Giving him an enclosed area in one of the rooms with his litter/ hay will help enc toilet habits. Once he figures things out, you can increase the roam time and leave the litter area open for him. However, expect relapse in habits as his hormones kick in around 12 weeks. Once altered, things will improve. Just been through all of this. Got our Holland Lop at 7wks last September.


----------



## Erika Malady (Aug 27, 2019)

Lauren Kiernan said:


> Giving him an enclosed area in one of the rooms with his litter/ hay will help enc toilet habits. Once he figures things out, you can increase the roam time and leave the litter area open for him. However, expect relapse in habits as his hormones kick in around 12 weeks. Once altered, things will improve. Just been through all of this. Got our Holland Lop at 7wks last September.

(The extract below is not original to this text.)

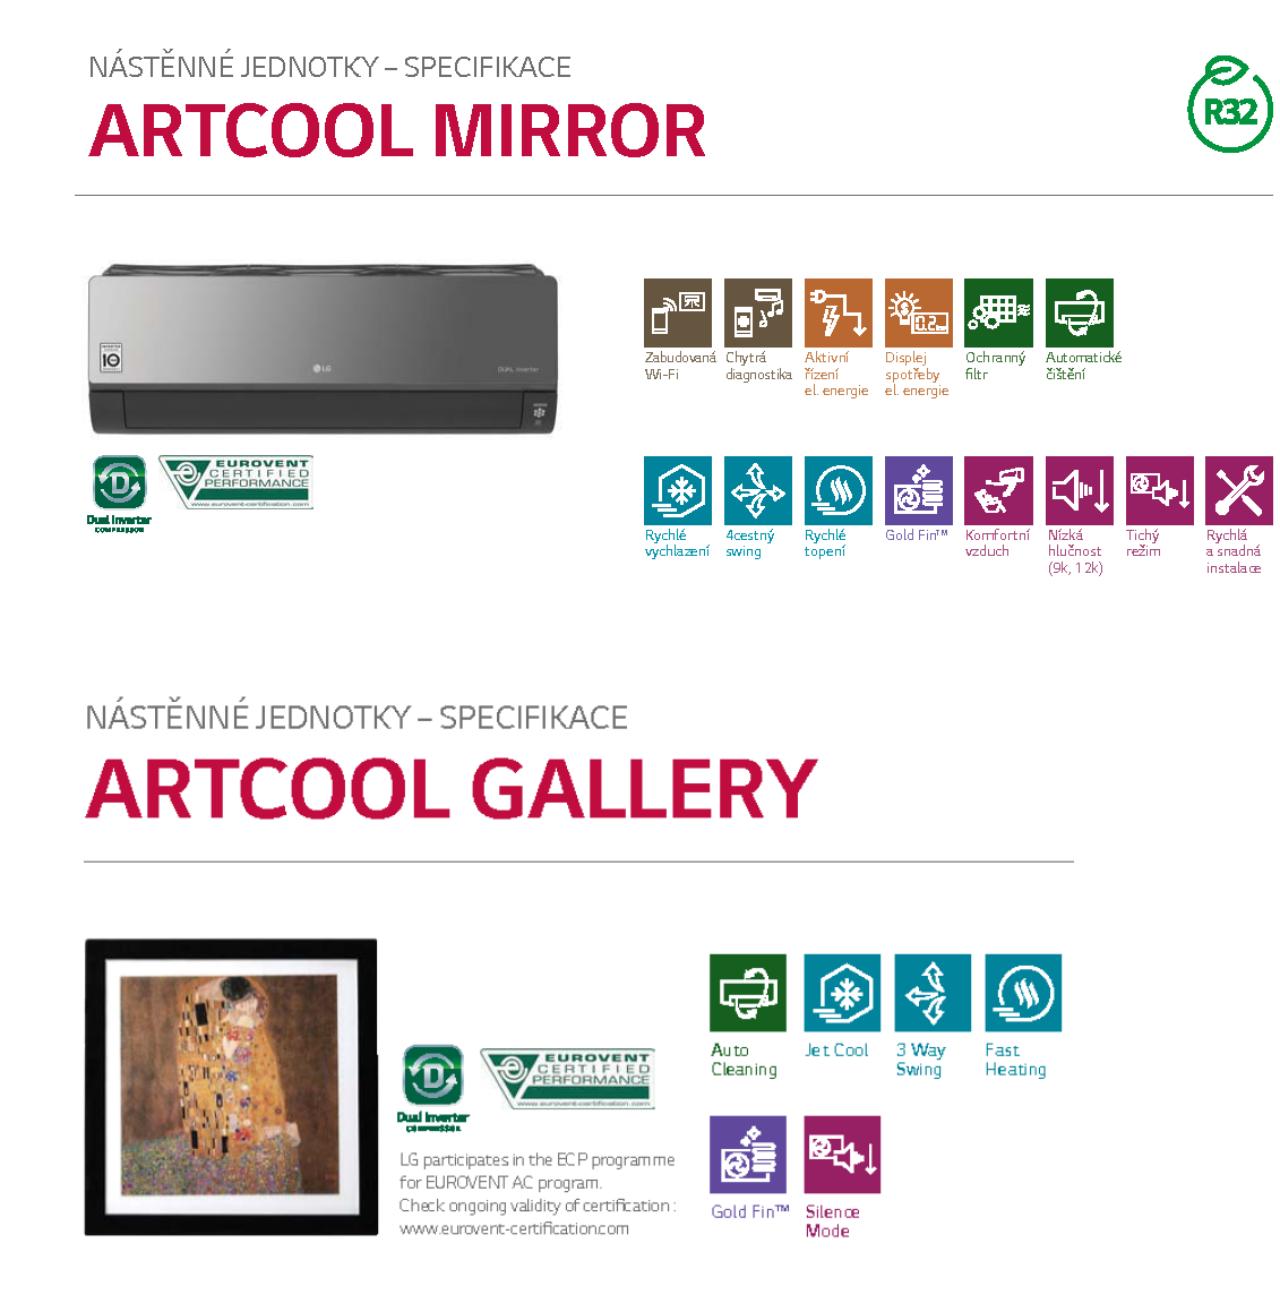 Obrázky artcool

Thank you! He is in an enclosure in the living room. He is not using the litter box at all no matter where I move it. He also makes a horrid mess overnight. (He’s a cuddle bug and loves to be with us). Do you have yours in living room or more secluded? I’m just so overwhelmed haha


----------



## Lauren Kiernan (Aug 27, 2019)

Erika Malady said:


> Thank you! He is in an enclosure in the living room. He is not using the litter box at all no matter where I move it. He also makes a horrid mess overnight. (He’s a cuddle bug and loves to be with us). Do you have yours in living room or more secluded? I’m just so overwhelmed haha


We started in the living room then moved him to the study( hubby not so thrilled about this) I will upload a picture. Silly question, do you you hay right next to or part of the litter box?


----------



## Lauren Kiernan (Aug 27, 2019)

This is how we started out in the living room. He would be in the enclosure unless we were watching him and put back if he peed or started pooping for awhile. Initially I had the rug covered with puppy pads and as he got better I would take them away. I would use this spray on anything he soiled with urine or soft poo


----------



## Erika Malady (Aug 27, 2019)

Lauren Kiernan said:


> We started in the living room then moved him to the study( hubby not so thrilled about this) I will upload a picture. Silly question, do you you hay right next to or part of the litter box?
> View attachment 42598


I have it inside the litter box. Because he peas and poops everywhere I’ve put doggie pads all over the enclosure With towels underneath and a flooring also underneath that on top of my hardwood


----------



## Erika Malady (Aug 27, 2019)

Lauren Kiernan said:


> This is how we started out in the living room. He would be in the enclosure unless we were watching him and put back if he peed or started pooping for awhile. Initially I had the rug covered with puppy pads and as he got better I would take them away. I would use this spray on anything he soiled with urine or soft poo





Lauren Kiernan said:


> This is how we started out in the living room. He would be in the enclosure unless we were watching him and put back if he peed or started pooping for awhile. Initially I had the rug covered with puppy pads and as he got better I would take them away. I would use this spray on anything he soiled with urine or soft poo


----------



## Erika Malady (Aug 27, 2019)

this is the enclosure I made, but had to double the height as he jumped out.


----------



## Lauren Kiernan (Aug 27, 2019)

He will catch on! I have an old vinyl table cloth under my rug. Mostly the last few months we just shut the door to the study at bedtime. He thinks that room is his! If he is out in the living area, we call out bedtime Charlie and shake the bag of his favorite treats. He will usually run back to his room for them. He really settled down the most after his neuter. He stopped trying g to pee on the rugs by our entry says after having them blocked off for awhile. We still occasionally battle over the couch. He wants to be up there and make it his by peeing on it. We cover it if not watching closely. The attempts have slowed to about 1 every few weeks.


----------



## Lauren Kiernan (Aug 27, 2019)

Just keep putting him back when he uses your house as the litter. I read A LOT of material on rabbits and litter training the 2 weeks we waited for him to be old enough. Most said too much space/ freedom when they are small and training would make it difficult so keep with what you've got and monitor his free time.


----------



## Erika Malady (Aug 27, 2019)

Thank you so much!!! Do you think he’s going to be OK living in the living room in his enclosure since that’s where we are the most? 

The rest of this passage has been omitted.